Dirk broke off another piece, and another, taking up half the loaf, and handed them down. “Here, eat.” As they began to gobble the bread, he looked a question at Gar, who nodded, and Dirk turned around to dismount. “Some broth would help.” He took a pot and a handful of rods from his saddlebag, and a small box with them. Stepping off the road, he unfolded the rods and set a ring with four short legs on the ground. He kindled a fire beneath it, set the pot on top of it, poured in water from his water bag, took a cube of something dark from the box, and dropped it in. The woman watched him with curious, avid eyes, and as the water began to boil, she sniffed the aroma of beef broth with delight. “It has to boil,” Dirk told her, “then cool—but it will be good to drink.”

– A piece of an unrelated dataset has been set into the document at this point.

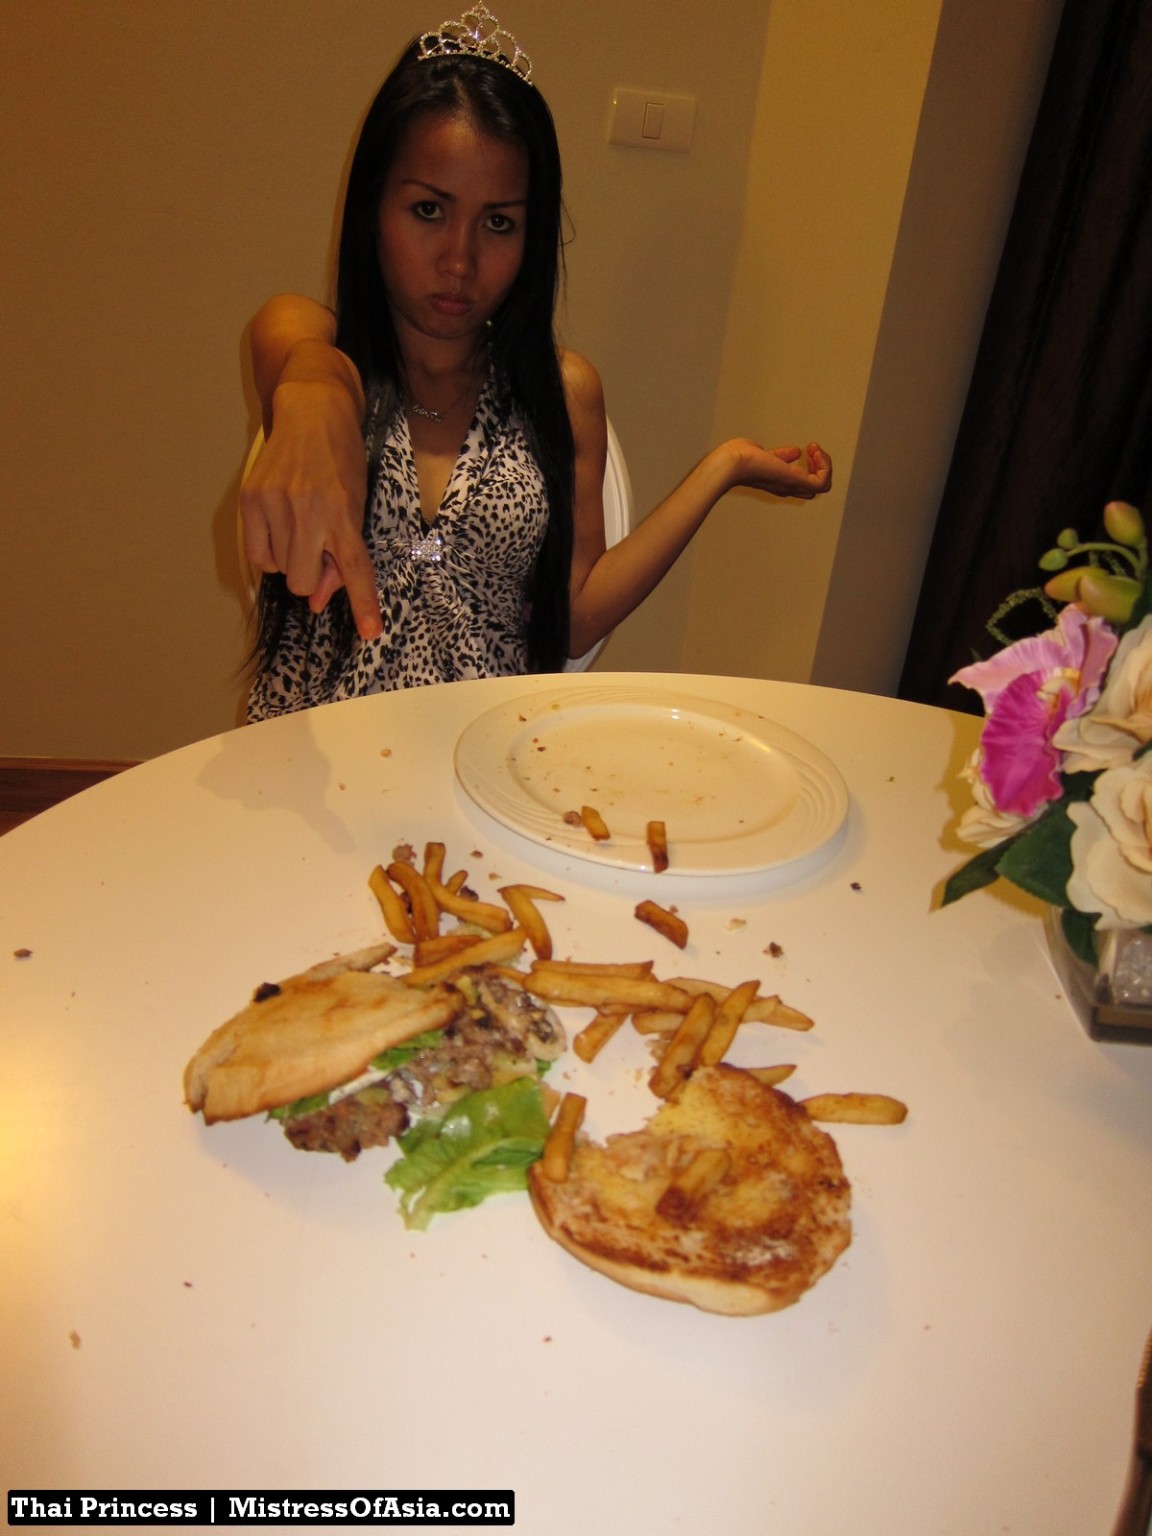 Princesa tailandesa comiendo hamburguesa
 #69740320

The children pressed in, half hiding behind their mother, staring at the pot with famished eyes.

“Are your children boys or girls?” Dirk asked with a gentle smile—but the woman stiffened with alarm, clutching both little ones to her as she rattled, “Boys, sir, both boys!”

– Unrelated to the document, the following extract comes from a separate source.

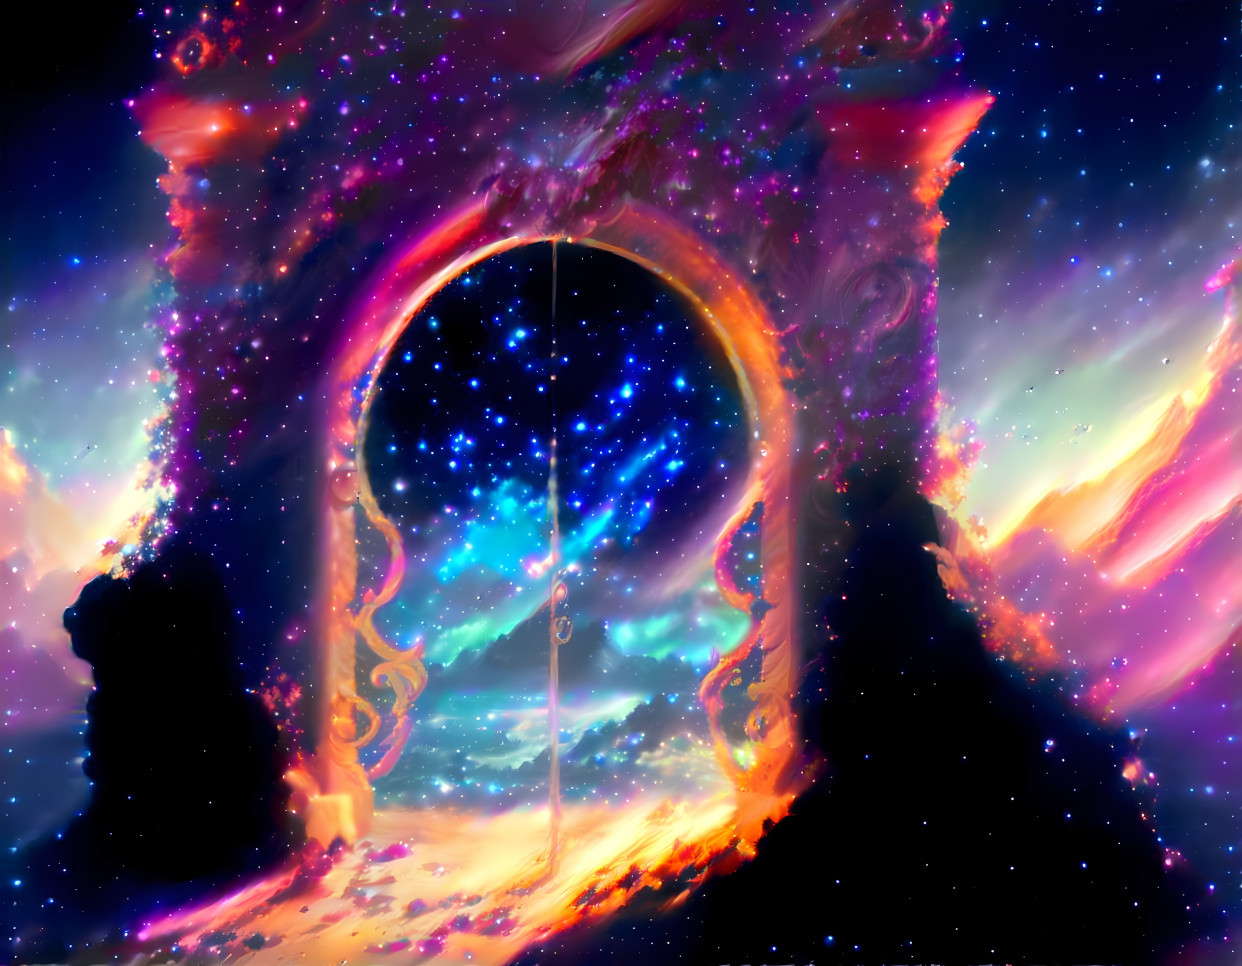 The dreamy portal

Coll wondered why Dirk seemed so startled. Surely he must know that any girl had to be protected from the lords’ soldiers, no matter how young.

“They’re fine young lads of ten and twelve,” the mother assured Dirk. Coll understood why the knight seemed so startled, so troubled, for he had heard him guess at their ages.

Mother and children were sitting by the roadside, eating a little more bread and drinking the broth from wooden mugs, when harness jingled, and horse hooves sounded on the road.

“Company,” Gar said softly, and Dirk paused in the act of dropping his cooking gear back into his saddlebag, to look up at the armored knight with his dozen men behind him, coming up the road toward them. Dirk mounted his horse as Gar said in a hard, low voice, “Take them into the woods, Coll.”

“Go along with you now!” Coll shooed the mother and children off the road and into the trees. They turned and ran, still holding their mugs. Once behind the screen of leaves, Coll called, “Finish your broth, leave the mugs, then go as quickly and quietly as you may.”

The woman nodded, wide-eyed; the children drank off the rest of their ration, and the mother brought their cups to Coll. He gave her a curt nod, never taking his eyes from the roadway, never turning to watch them lose themselves in the woods. He was far too concerned with watching the knight ride up to Coll’s new masters, gesturing to his men to surround them, saying curtly to Gar and Dirk, “I hereby impress you into His Majesty’s service!”

Coll felt as though something were breaking inside him, felt as though the scrap of hope the two men had offered were being snatched away—then felt fear mount in its place as Dirk said, loudly and dryly, “We are not impressed.”